I probably would have figured that out earlier but I do batches from scratch and always make a gallon extra for topping off. Now that i'm doing a few kits here and there I'm noticing a slight difference.


----------



## sour_grapes (Feb 13, 2014)

Yes, the carboys are all different sizes.

Here is what people were kind enough to tell me when I ran into the same quandary:
http://www.winemakingtalk.com/forum/f3/carboy-confusion-41520/


----------



## Turock (Feb 14, 2014)

This is the inside joke around OUR winery----Some of these manufacturers don't seem to know what 5 gallons IS. We find lots of variation with all the 5 gallon carboys, especially!! The antique ones made in the USA hold more than any of the foreign made. Our cure for this is to have lots of marbles available.


----------



## ckvchestnut (Feb 14, 2014)

Wow thanks so much for the link and the responses! I found that really helpful! I'm going to measure all of mine and try to rack down to whichever ones are smaller if I have any. I think I have a few smooth ones, 3 ribbed ones and 1 plastic one in 6 gal. 3 - 3gal with ribs. I'll see about those too.


----------



## Boatboy24 (Feb 14, 2014)

Yep, definitely close to a half gallon of extra capacity on those Italian carboys. I think the 6 gallon mark is right at the shoulder. 

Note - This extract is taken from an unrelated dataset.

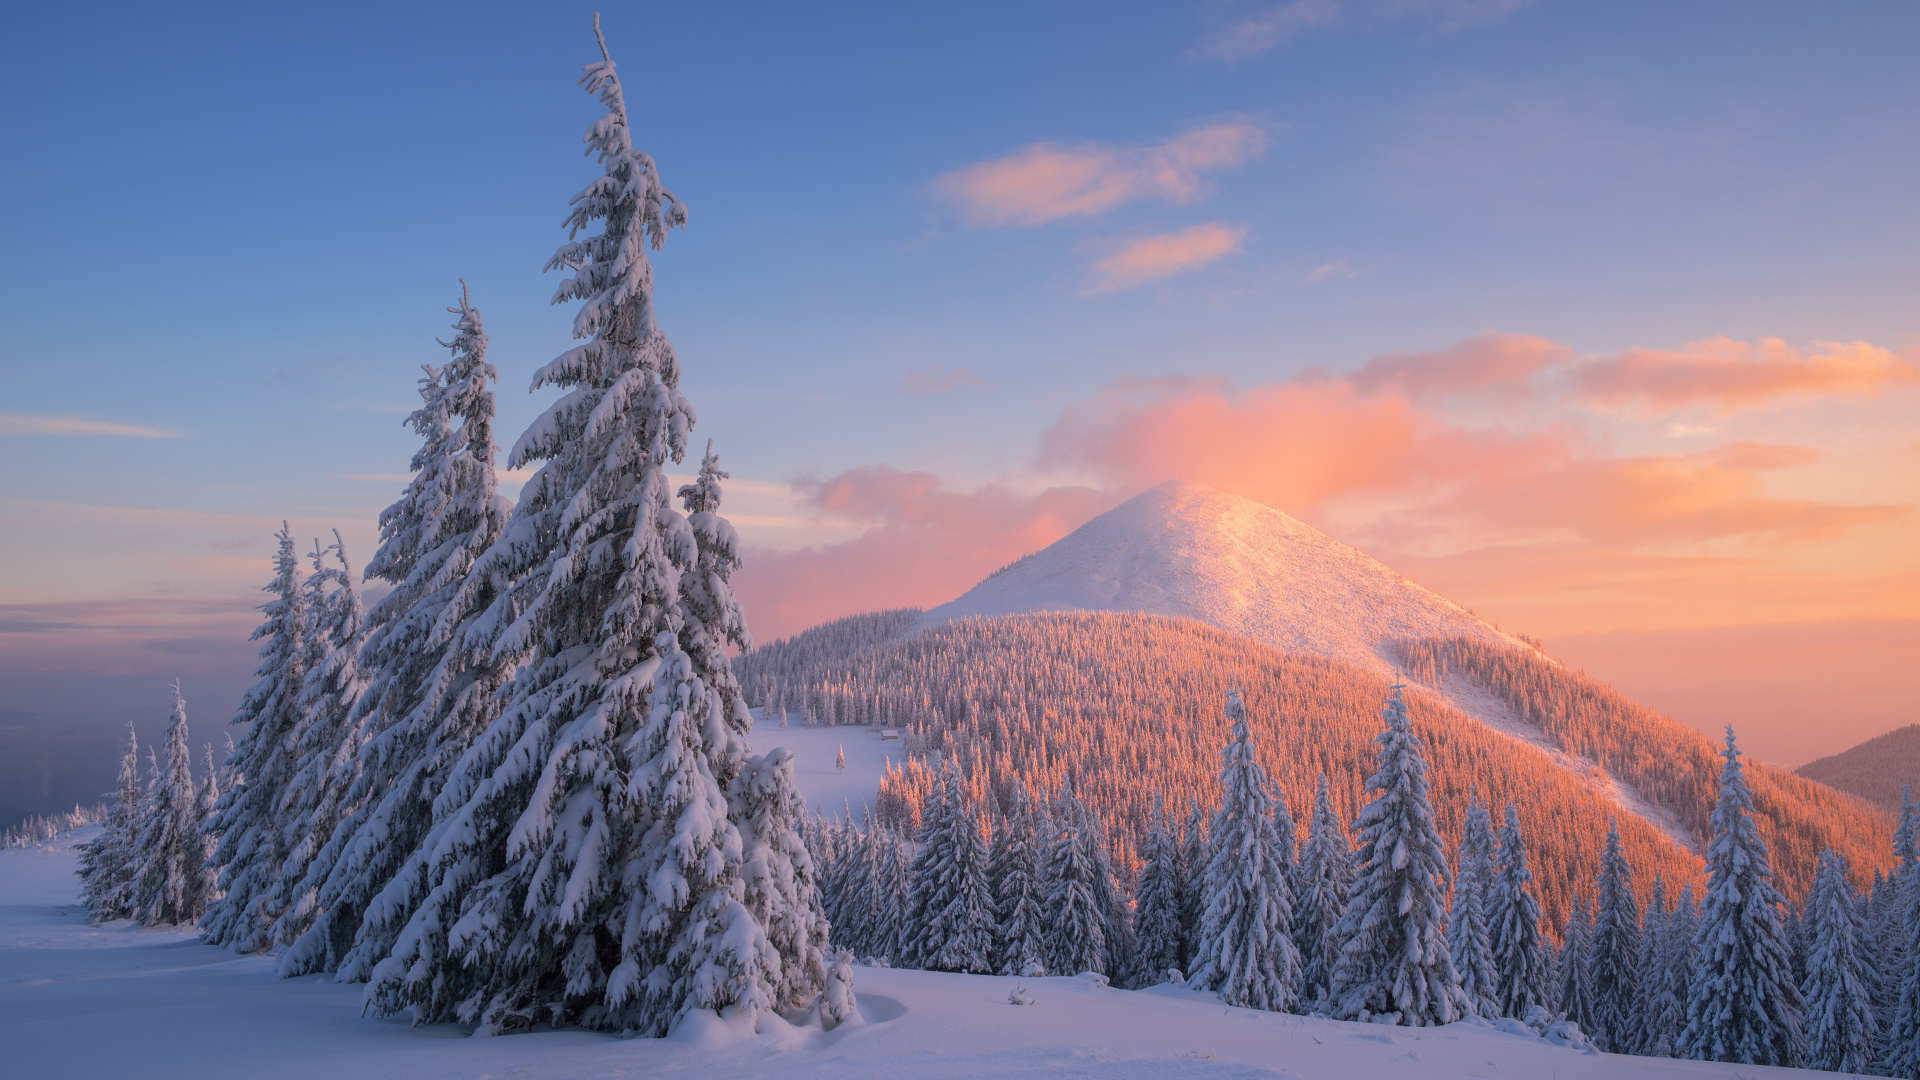 Snow Covered Pine Trees and Mountains During Daytime. Wallpaper in 1920x1080 Resolution

Better Bottle carboys seem to be pretty much right on 6 gallons though.


----------



## ckvchestnut (Feb 14, 2014)

Wow I still can't get over this! Can't wait to measure mine. I'll measure 6 gals into one of my smooth ones and then syphon that into my other ones and mark them each at the 6 gal level. I'm having a revelation now from some times when my levels only went to the shoulders! But usually I make extra so I never noticed that problem.


----------



## DoctorCAD (Feb 14, 2014)

4 fingers, by the way...

Carboys are grossly made and not subject to any real standards. I have 4 5 gallon Better Bottles and they are all very close, but I also have 2 glass 6 gallon carboys that are not even close.

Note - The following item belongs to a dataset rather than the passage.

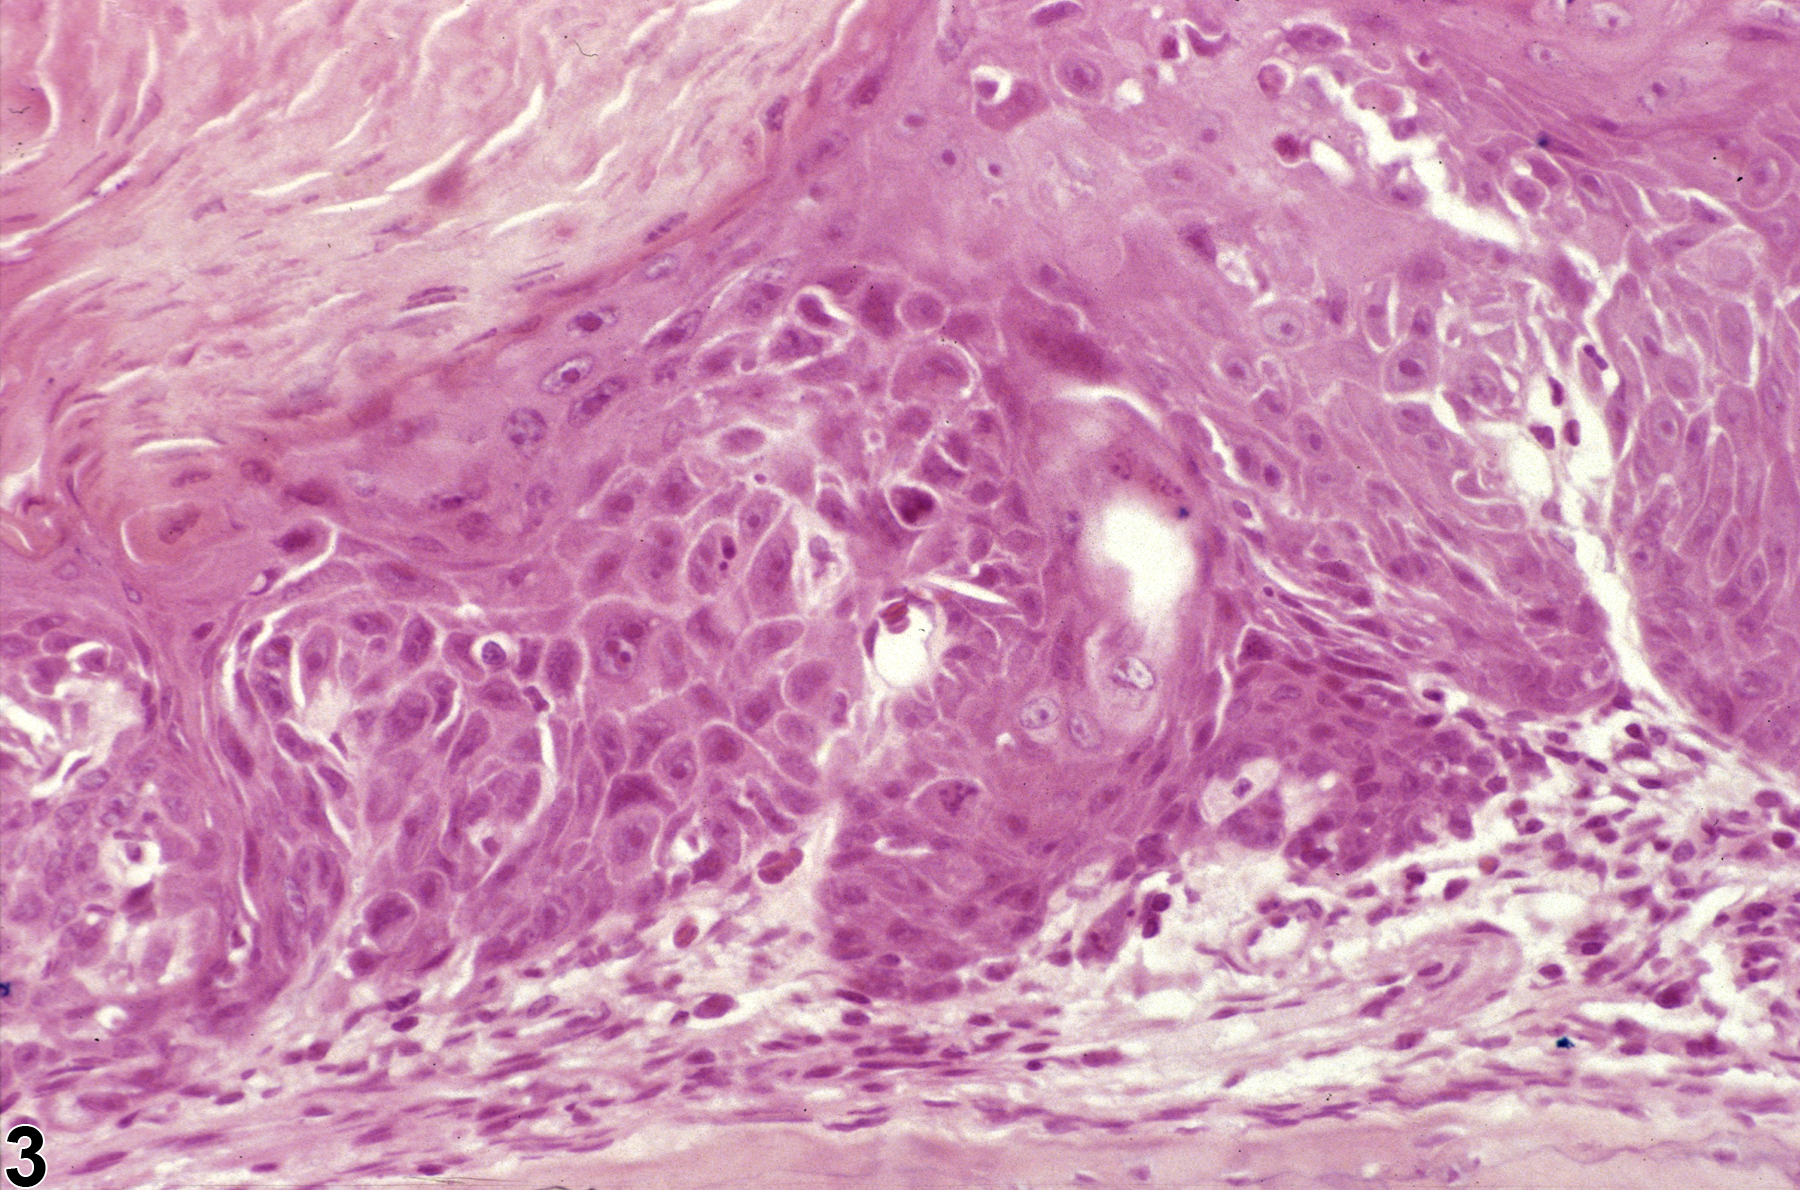 Image of hyperplasia, atypical in the nose, squamous epithelium from a female Osborne Mendel rat in a chronic study

My suggestion is not to worry about it and use whatever volume you need to fill the carboy.


----------



## ckvchestnut (Feb 14, 2014)

Ya that's fine and what I've been doing but I just hate the thought of diluting kit wines or juice buckets to fill up carboy space. What's the typical amount of marbles needed to fill from the shoulder to the neck? Anyone know? I'm going to look at how I can make a PVC tube that with removable capped ends to place the marbles on so they are easy to remove. What I'm picturing is two tubes one that fits inside the other. Both with tiny holes drilled in at the same places. So if you want to use the tube to implement oak chips you slide the tubes so the holes are matching up and in the open position so the oak can do its job. When you want to displace the volume, you can use the tube to fill with marbles and you keep the holes closed. However finding 2 tubes that fit tightly and water tight might be too much of a challenge. So maybe have 2 on hand, one for oaking and the other for displacement.


----------



## BernardSmith (Feb 14, 2014)

Slightly off topic but not really because we are measuring volume and volume is subject to change with temperature. Does anyone know how large or small a US gallon actually is when it comes to buying gas for your car? A gallon of gas in December when the outside temperature is 32 F must be considerably smaller than a gallon bought in July when the outside temperature is 95 F. What temperature is gas stored at? And how often is this volume modified to allow for variations in temperature? Does James in TX pay for a smaller gallon than we get in NY?


----------



## grapeman (Feb 14, 2014)

Bernard a gallon is a gallon is a gallon. Since it is a measure of volume, the volume remains the same, it is only the liquid within it that changes. The container size does not change, only what is within it. A more accurate measure would be by weight, which does not change but would be very cumbersome because the weight of a gallon (or any other measure) varies from item to item. A gallon of wine weighs a bit different than a gallon of gas or water. For practical purposes it is accurate enough for most uses.


----------



## sour_grapes (Feb 14, 2014)

Grapeman is correct. Moreover, gasoline has a fairly hefty coefficient of thermal expansion, so the effect is non-negligible. 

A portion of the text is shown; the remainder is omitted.